Where can you bet on the Breeders’ Cup?

You should always shop around to find the best odds when looking for where to bet on the Breeders’ Cup. We recommend the following options for their reliability and timely payouts.

  • FanDuel Racing: FanDuel Racing is the Official Wagering Partner of the Breeders’ Cup World Championships. You can watch many of the races on FanDuel TV, along with The Breeders’ Cup Players’ Show, which provides a betting-focused analysis of the various heats.
  • DK Horse: Naturally, when talking about FanDuel, we need to mention DraftKings as well. DraftKings launched DK Horse in March 2023, making this the second opportunity for bettors to place wagers on the Breeders’ Cup using the new platform.
  • TwinSpires: TwinSpires is one of the oldest online horse race betting sites in Kentucky, first accepting wagers in 2006. Owned and operated by Churchill Downs, TwinSpires offers daily pari-mutuel horse race wagering action from races around the world.
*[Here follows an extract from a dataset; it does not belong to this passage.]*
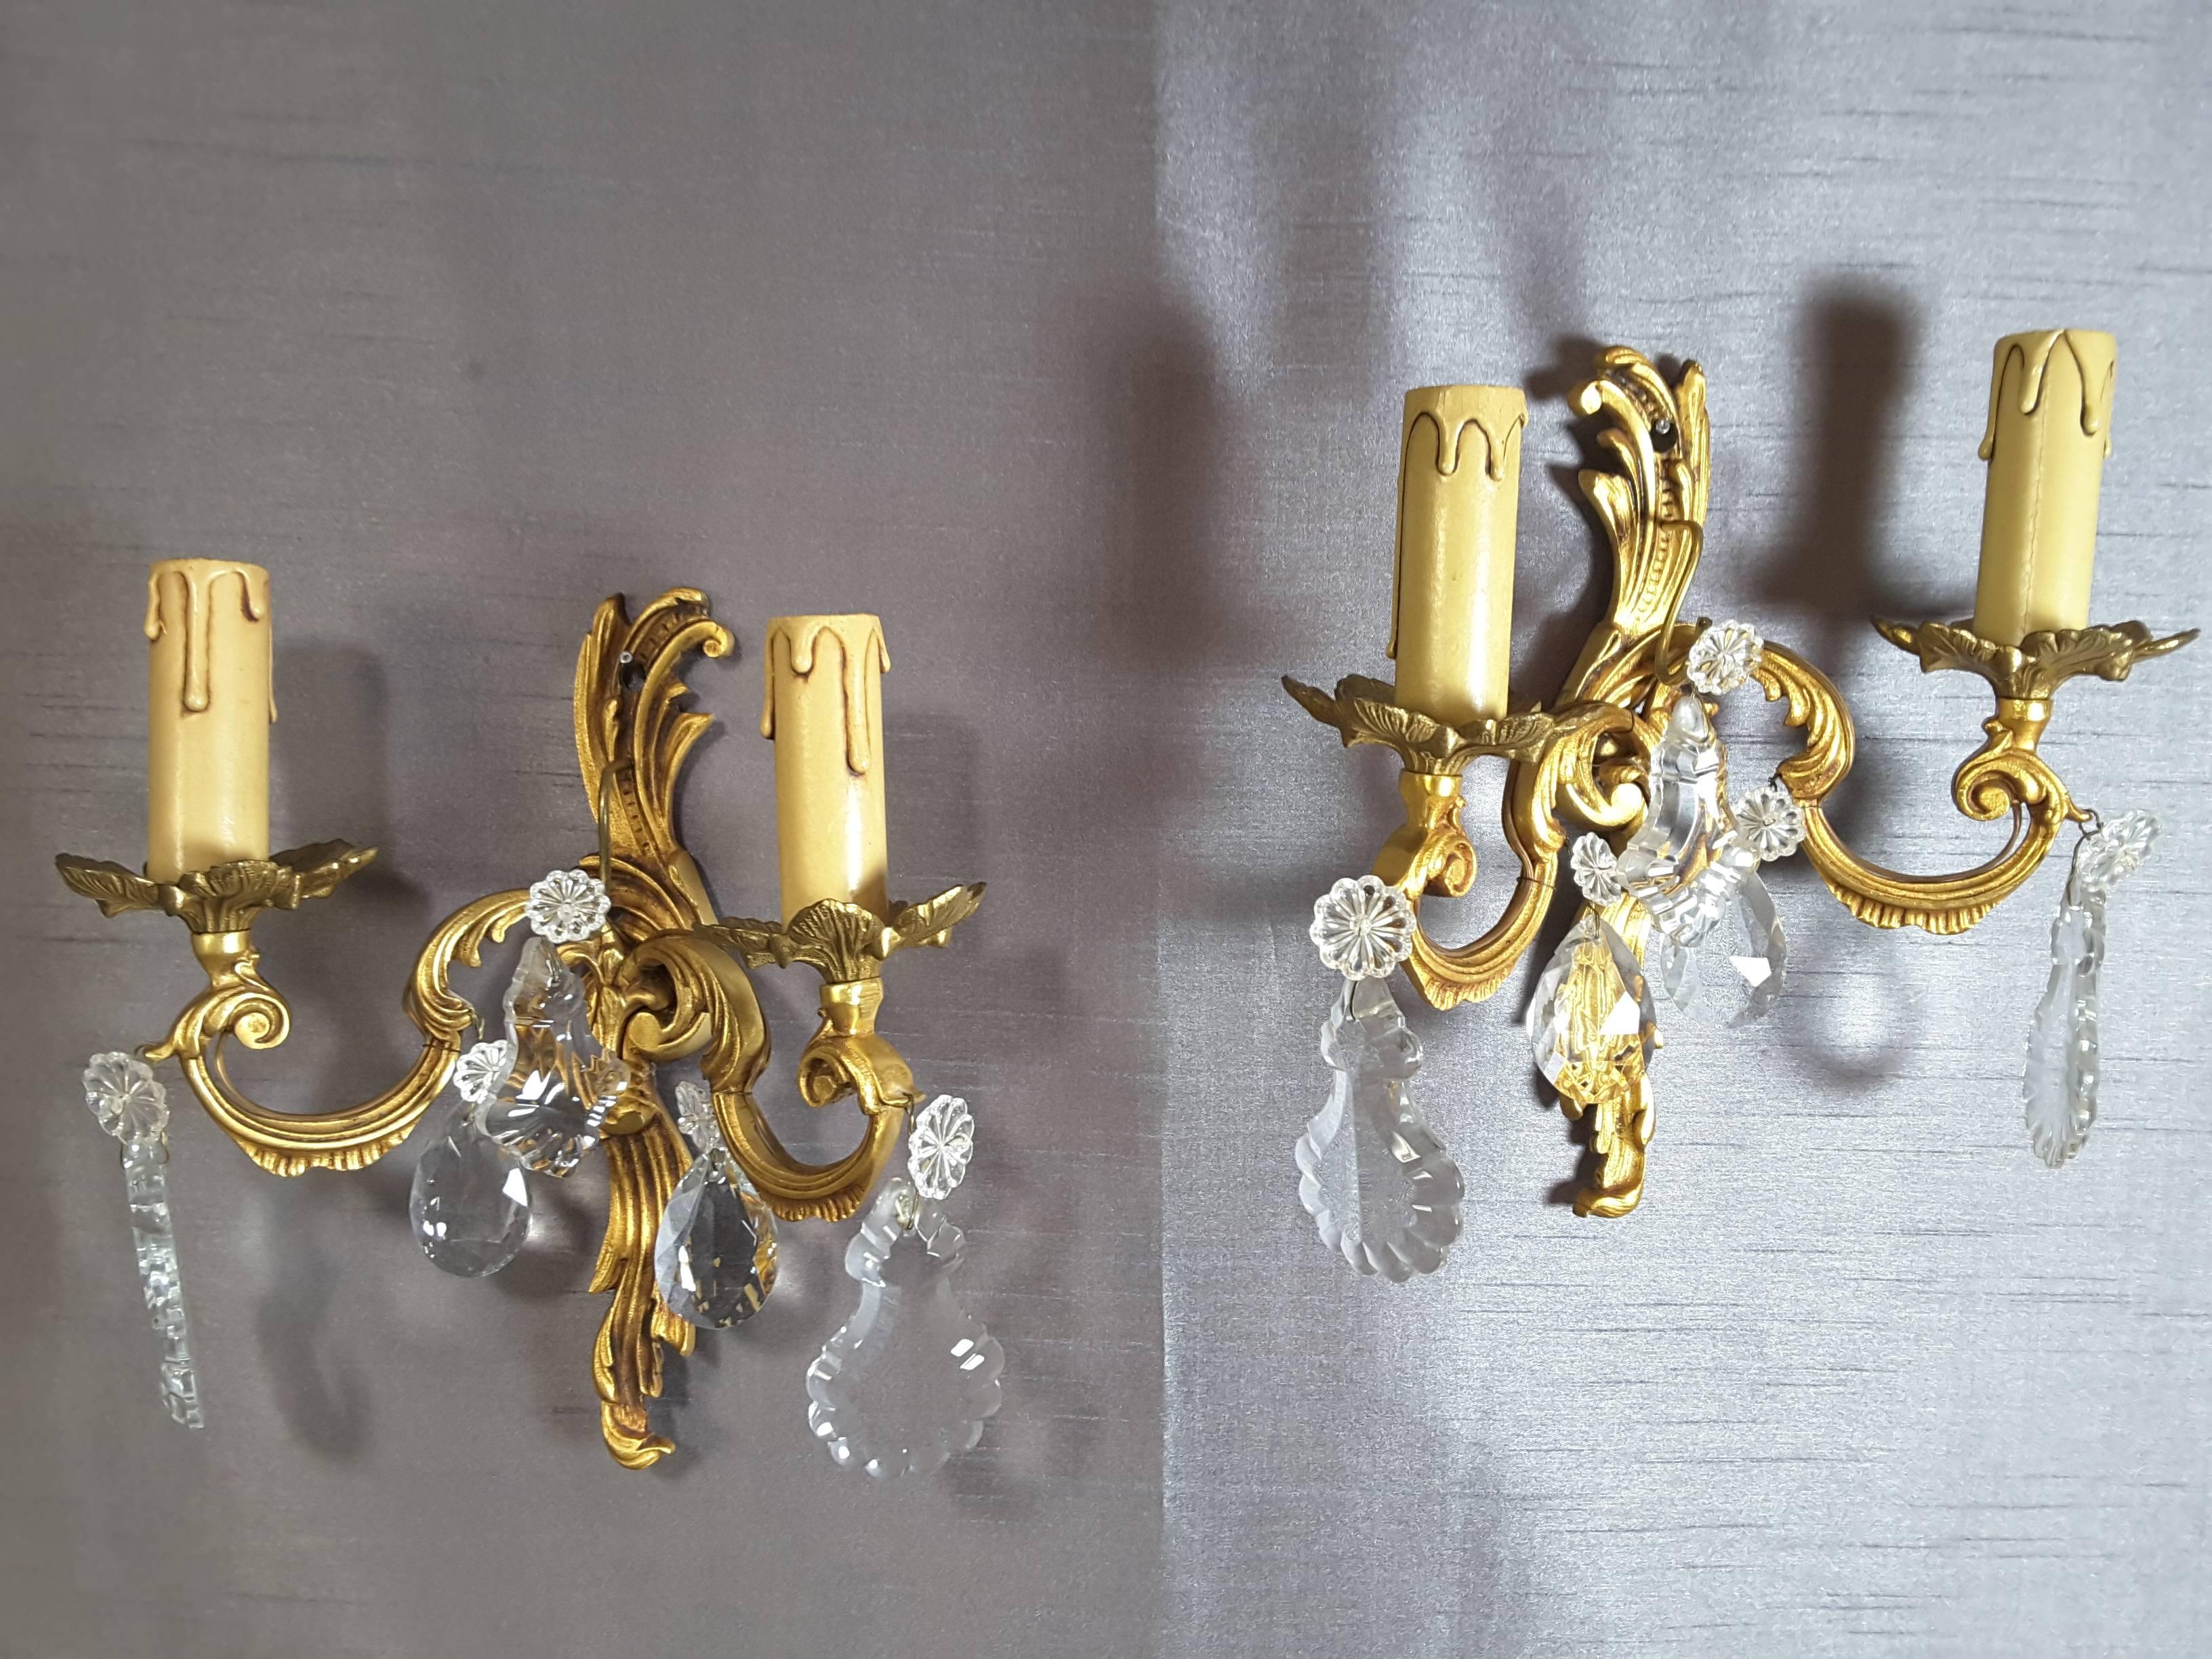 Pair of Brass/Gilt Wall Sconces with Floral Crystals 4
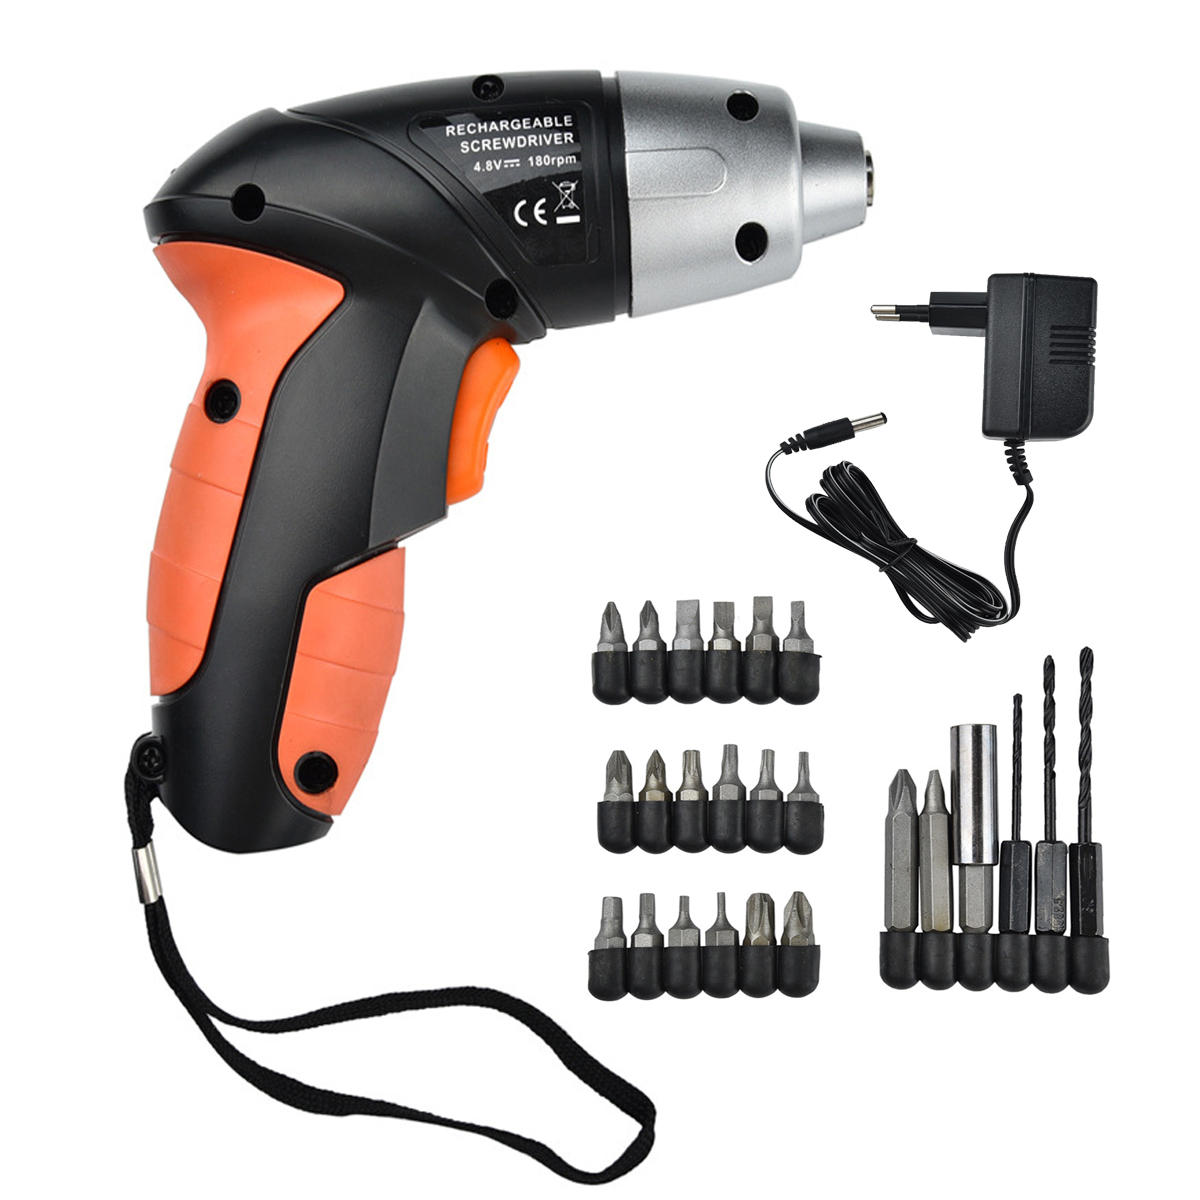 24PC 4.8V Electric Rechargeable Cordless Screwdriver Drill Bits Kit EU

Guide for wagering on the Breeders’ Cup online

Wagering on the Breeders’ Cup online is a rather simple process, so whether you’re a beginner or an experienced vet, you’ll find no difficulties in placing your bet. Here’s how to get started:

  1. Pick your betting site: To get started, choose one of the racebooks we’ve listed above and, if you haven’t already done so, register your account with the site. You may be able to access a Kentucky welcome bonus or other Breeders’ Cup-related promo offer.
  2. Choose your horse(s): Depending on how you want to play your betting slip, there are options to bet on a single horse or on multiple horses. Remember to consider all available information when choosing, especially if you consider the jockey, trainer, experience, track conditions, and pedigree of the racer(s).
  3. Select your bet type: We’ll go into more detail on specific bet types below, but this is the next step after choosing your horse(s). Keep in mind the potential payouts will change based on the type of bet you choose, as well as the overall pool for pari-mutuel race betting.
  4. Decide how much you want to wager: Many racebooks will accept wagers as low as $1 or $2 depending on your wager type, though you are certainly welcome to bet more as you see fit.
  5. Sit back and enjoy the race: After all that, you’re free to sweat it out with the other bettors and see who the top finishers are!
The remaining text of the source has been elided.